Cousin Fucked
October 25th, 2006
I have this trick I do every morning. I wake up with a ringing in my ears and a crushing
weight on my chest.
But then as I wake up a little more, maybe have some coffee, I conjure up a
personal reality distortion field and the weight is lifted and I can go
about my business. And business is pretty good, so who am I to complain?
However, for some reason (jetlag?), I couldn’t quite pull the trick off
this morning. And unfortunately, it’s that trick that for the most part
keeps political blathering off of pcal.net.
I have nothing new to add to the discussion of the unmitigated disaster
that is our current foreign policy. As they say,
opinions are like assholes, and for the most of the current century, 300
million of them have been on prominent display in the US. I have no
illusions that anyone wants to take a closer look at mine.
However, I will discuss someone else’s opinion, one which appeared on the op-ed page of
the Times yesterday. I do this mainly because it introduced some
unusual disturbances into my reality distortion field that are still
with me today.
Almost in passing, the writer describes having a number of sociologist-
and anthropologist-type friends who had done studies on the middle east.
One of these studies was focused on producing and analyzing the following bit
of knowledge:
One half of all Iraqis are married to either a first or second cousin.
The revelatory power of this tiny fact is simply amazing.
(Fill in the blanks: the Iraqi population is structurally incapable of setting
aside clan loyalties and embracing a nationalist democracy). In capsule form,
the sociologist offers an explanation for our current failures in Iraq.
We see why we never had a chance of succeeding in the first place.
20/20 hindsight, you may say, but this argument was advanced (if less
succinctly) by many of us well before March of 2003. Evidently, most voters
at the time did not find the argument persuasive.

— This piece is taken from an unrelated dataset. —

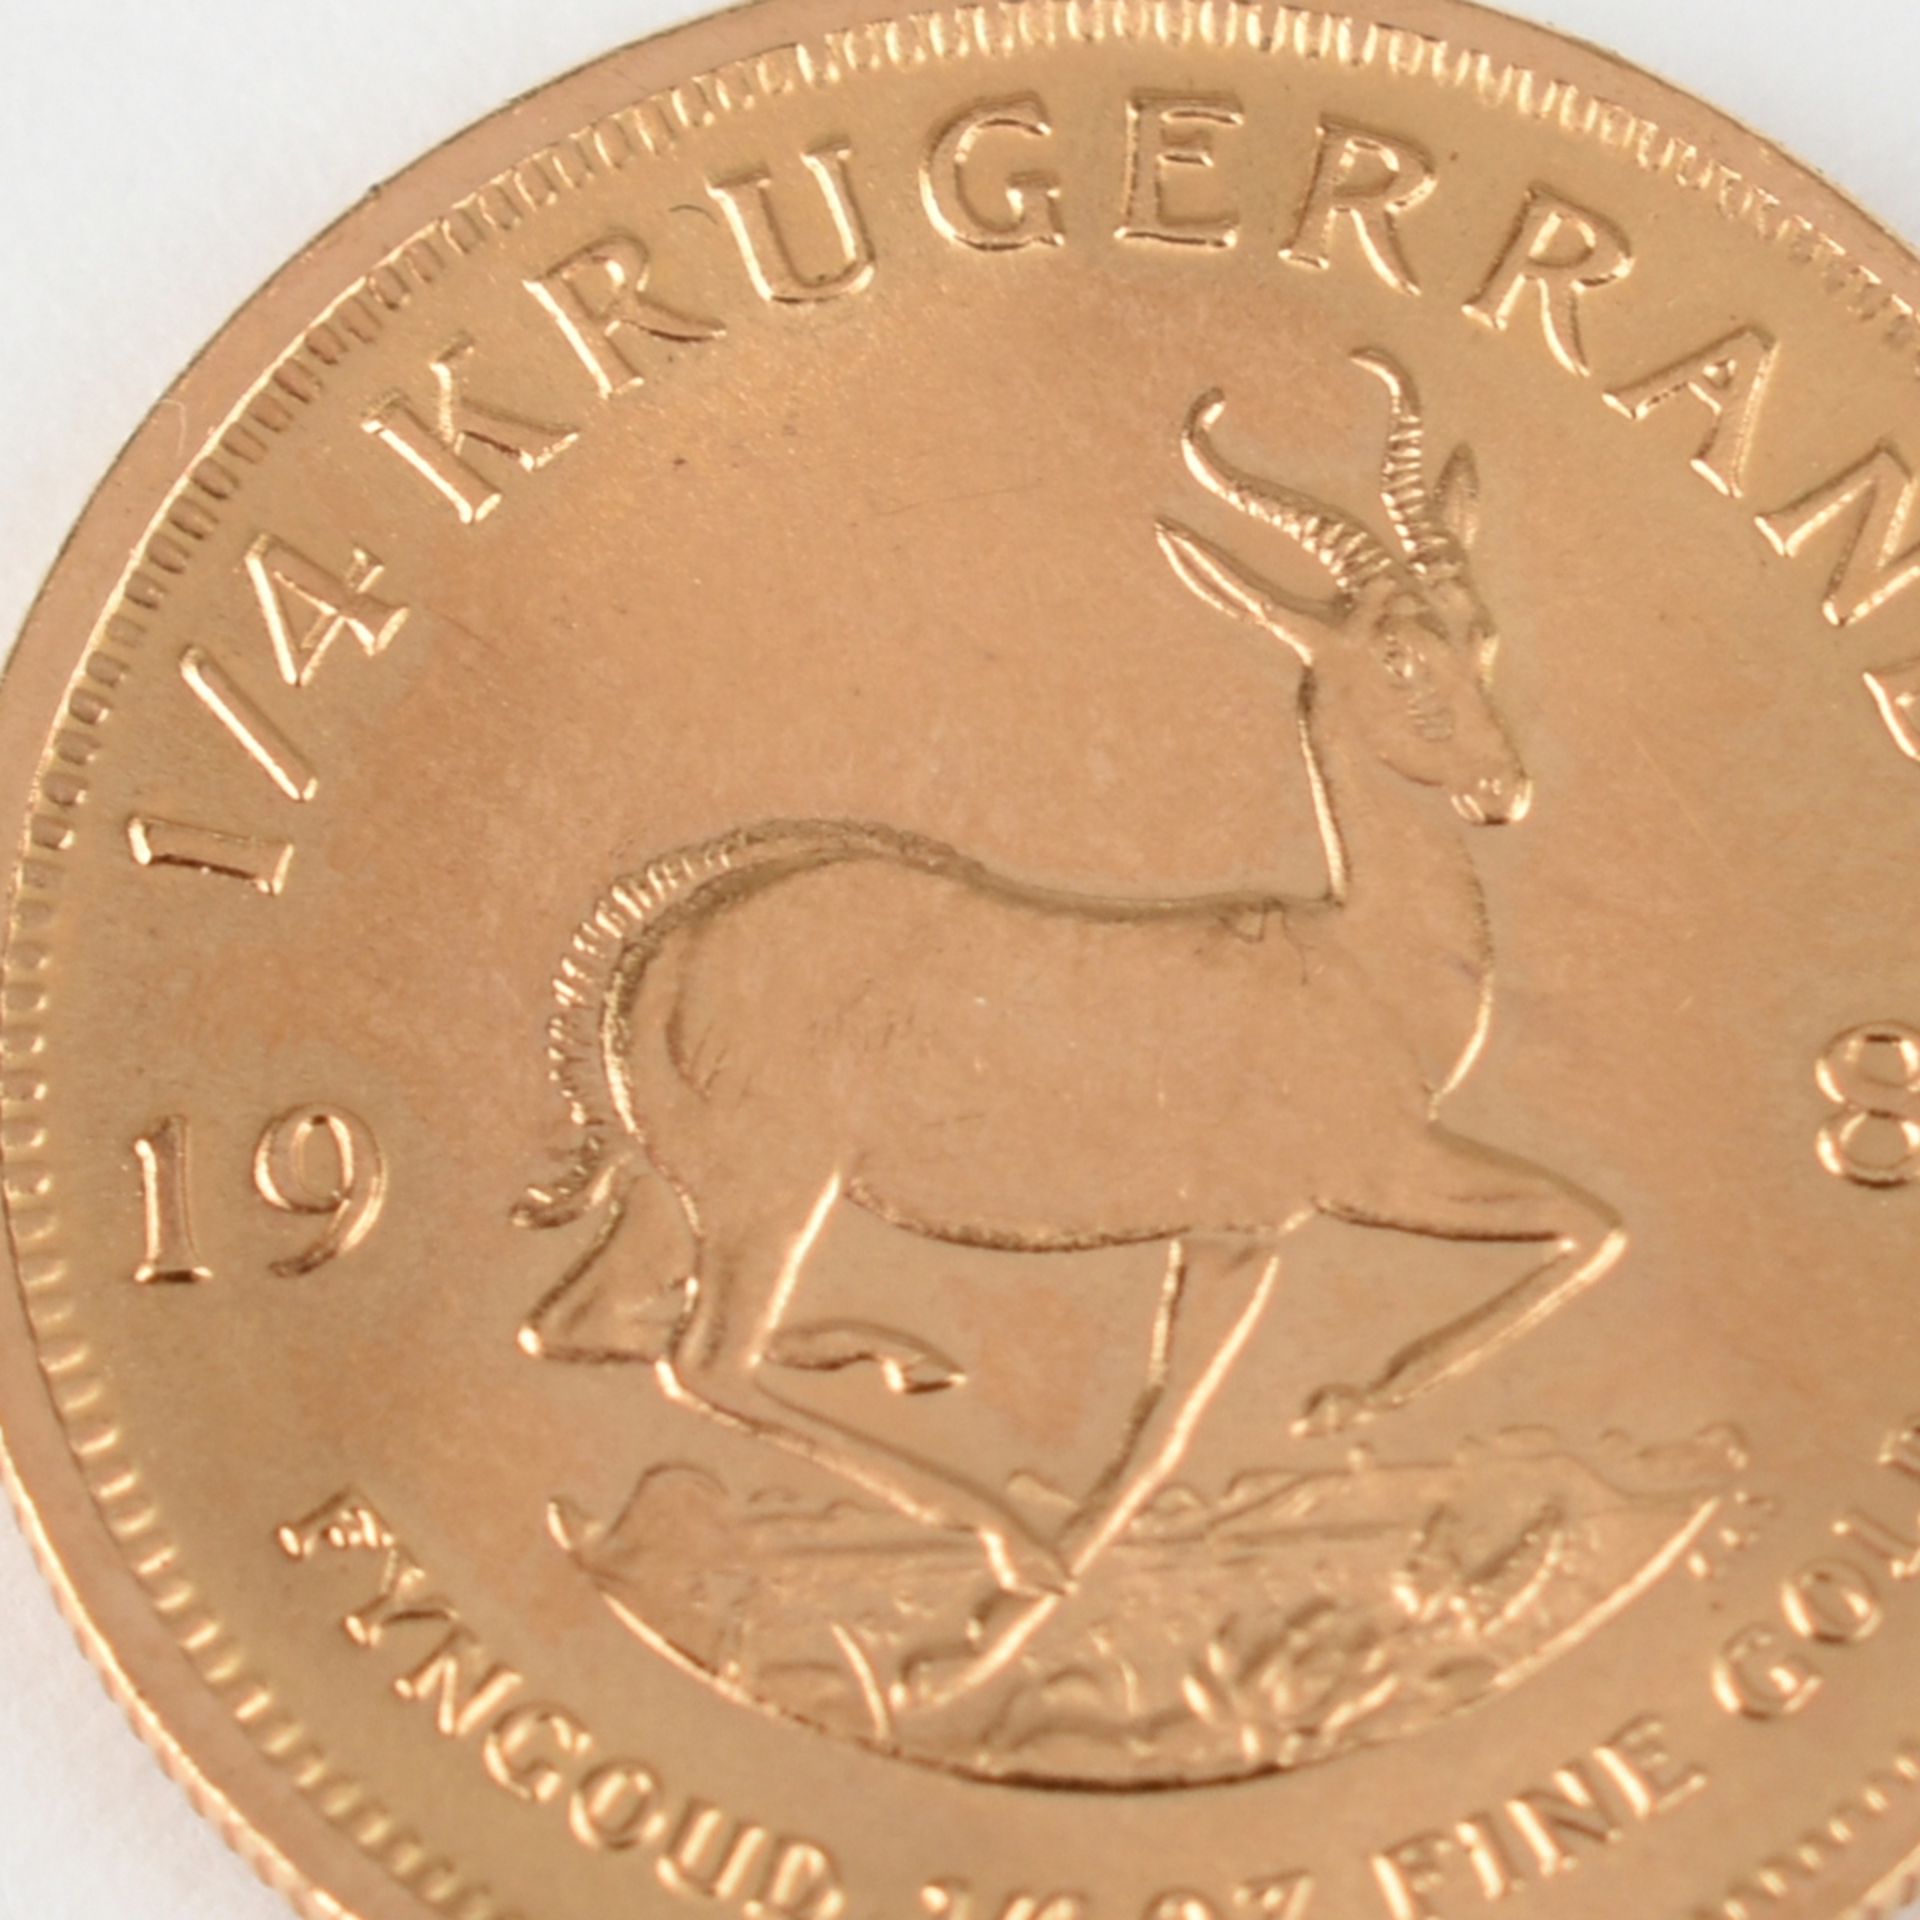 Goldmünze Südafrika 1982 Krügerrand, 1/4 oz in Gold, 916/1000, 8,482 g, D ca. 22 mm, av. Paul Kruger

And that is where I find the source of the recent disturbance in my
distortion field.
For whatever reason, in recent decades it has become fashionable in this
country to deride the liberal arts. (Homeless guy asks: “Socratic dialog,
anyone?” Hardie-har-har). But today, I can’t help but wonder that if it were
even just a bit less so, that if a few thousand voters in some swing state
somewhere were just a little less inclined to reflexively reject conclusions of the
so-called ’soft sciences,’ then maybe, just maybe, we wouldn’t be so
completely and utterly, miserably, despairingly fucked as we are now in Iraq.